Живу, пока люблю — страница 25 из 36

Свидетелем оказался сосед Евгения, с которым Евгений лишь здоровался.

Этот сосед приехал из Италии, но он скандинав, имеет юридическое образование, а работает водителем — развозит пиццу.

— Мы едва знакомы с мистером Томаном, — так начал свою речь сосед. — Но я всегда с удивлением и жалостью приглядываюсь к нему. Он — мученик. Ещё утро не зажглось, а он уже, весьма вероятно, что и ещё, — под машиной. Или приехал с рейса, или собирается в рейс. Как я понимаю, он приплачивает мистеру Вильямсу, это тоже наш сосед, за разрешение пользоваться его гаражом. Чуть не каждый день мистер Томан чинит. Я удивляюсь: когда же ему возить пассажиров, зарабатывать деньги, если он всё чинит эту рухлядь?! Сначала я думал, машина — его, а потом вывел заключение, что ему не на что купить медаль, так как он живёт очень бедно. В самой дешёвой квартире. И одет он в одежду «вторых рук». И вся его семья одета очень бедно. Тогда я пришёл к заключению, что у него плохой хозяин. Эксплуататор. Держит мистера Томана в чёрном теле. Потому что мистер Томан — безответный и терпеливый.

Речь соседа, фамилию которого Евгений даже выговорить не мог (кажется, Стротаусберг), которого вовсе не замечал в своей жизни и на которого смотрел сейчас оторопело, как на чудо, явившееся ему спасением, произвела на Евгения странное впечатление: он словно поднялся над залом и людьми, сидящими перед ним! Такое же ошеломляющее впечатление произвела речь этого тощего высокого человека и на судью, и даже на Олега.

Пол задавал свидетелю вопросы, тот старательно отвечал: мальчик подрабатывает в «Макдоналдсе», жена показывается на улице редко, из чего свидетель делает вывод, что она не очень здорова…

Пол сиял и танцевал перед столом судьи свой лёгкий танец — ни секунды не стоял на месте, то к Олегу подлетал, то к свидетелю — мистеру Стротаусбергу, то к Евгению.

— А теперь прочитай-ка это! — Он положил перед Олегом лист бумаги, нежно разгладил его.

— Что это? — удивился Олег.

— Это перечисление неисправностей, которое передавал тебе мистер Томан с просьбой купить новую машину.

— Я не знал, что она так неисправна, — пролепетал Олег.

— Знал, — улыбнулся Пол. — Ещё как знал! После перечислений — слова: на такой машине ездить нельзя! SOS!

— Я не помню этих слов.

— Конечно, не помнишь. Зачем помнить такой вопль терпеливого человека?

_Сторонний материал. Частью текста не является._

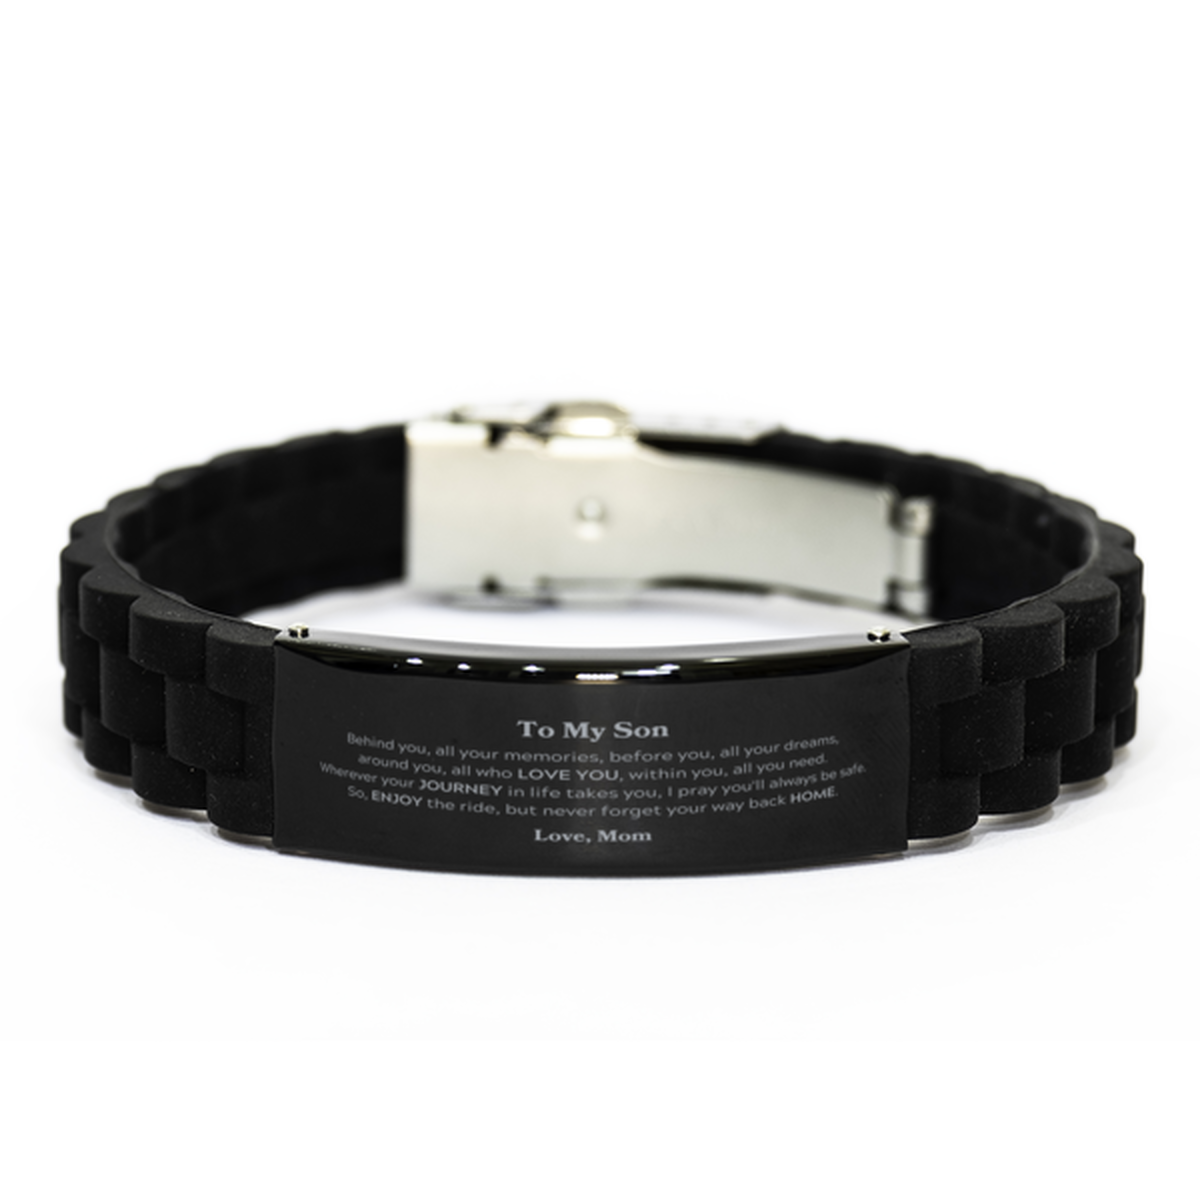 To My Son Graduation Gifts from Mom, Son Black Glidelock Clasp Bracelet Christmas Birthday Gifts for Son Behind you, all your memories, before you, all your dreams. Love, Mom

— Где ты взял его? — спросил Олег.

— На Джанке.

— Где?

— На Джанке. Я изучил содержимое бардачка и багажника разбитой машины. К счастью, она ещё не разобрана на запчасти. У Евгения есть один недостаток — он не шибко аккуратный, а может быть, ему и не хотелось наводить порядок в неисправной машине, а может, не было сил и времени. В багажнике я нашёл эту полусмятую копию. Наверняка, если порыться в твоих бумагах, можно найти подлинник. И ещё. Профессионалом установлено, что в последний миг отказали тормоза. Мистер Томан всё-таки затормозил в самый последний момент, а тормоза отказали, так что виновником аварии, в конечном счёте, являешься ты, — широко улыбаясь, сказал Пол Олегу.

Он всё вершил свой дикий танец справедливости — то к судье подлетал, то к Евгению! Был Пол — лёгкий и слепящий.

И таяла болезнь в глуби Евгения. И распрямились плечи, и откинулась голова. Впервые в жизни кто-то бился за него врукопашную. Впервые кто-то помогал ему в этой странной стране Америке, в которой он до этой минуты был никто и ничто. И щипало язык и глаза «спасибо», но никак не соскальзывало с губ. И топило его тепло в неподвижность, в детскую колыбель пелёнок.

Он что-то должен сделать сейчас, а он беспомощен, разомлел в заботе, оглох и ослеп от слёз.

Сделал Пол. Подошёл к нему и, слепя глазами и улыбкой, положил перед ним бумагу:

— Ты выиграл, друг Тамиши! Ты хорошо выиграл!

Олег, не глядя на него, вышел из зала суда, исчез, словно провалился сквозь землю. Судья только что был — и нет его. Исчез сосед, не желающий благодарности. Они с Полом вдвоём, и между ними — бумага.

А Евгений всё сидит, невесомый и многотонный, не умея ни слова сказать, ни встать.

— Ты ошалел, я гляжу. Совсем раскис. — Пол достал из кармана сложенную в четырёхугольник салфетку, положил перед Евгением. — Или так плохо тебе?

Евгений промокнул глаза, стёр пот со лба.

Поют птицы. Горит костёр. Елена стоит у сосны и смотрит в небо.


Глава шестая


1


У него никогда не было так много денег сразу. На его счету лежит одиннадцать тысяч долларов.

За полторы тысячи он купит машину Вадьке, ему исполнилось восемнадцать, за полторы — себе, его «Crown Victoria» стучит всеми неполадками сразу. Отдаст долг — пять тысяч, что висит на нём веригами вот уже четыре года, и заплатит за месяц вперёд за квартиру, а на остаток накупит много еды и одежды для Веры и Варвары!


А можно не покупать себе машину, починить эту и заплатить не за месяц вперёд, за три и передохнуть.

Сын у него вырос, на еду принесёт.

Три месяца передышки.

Или агонии? Рак — зверь кровожадный, не даст передышки и высосет из него жизнь за три месяца.

На «лечиться» денег нет. Без страховки лечение — тысячи и тысячи. Где их взять? Тамиша не всесильна.

На вэлфер его не посадят — у него нет статуса. И бесплатного медицинского обслуживания ему не видать.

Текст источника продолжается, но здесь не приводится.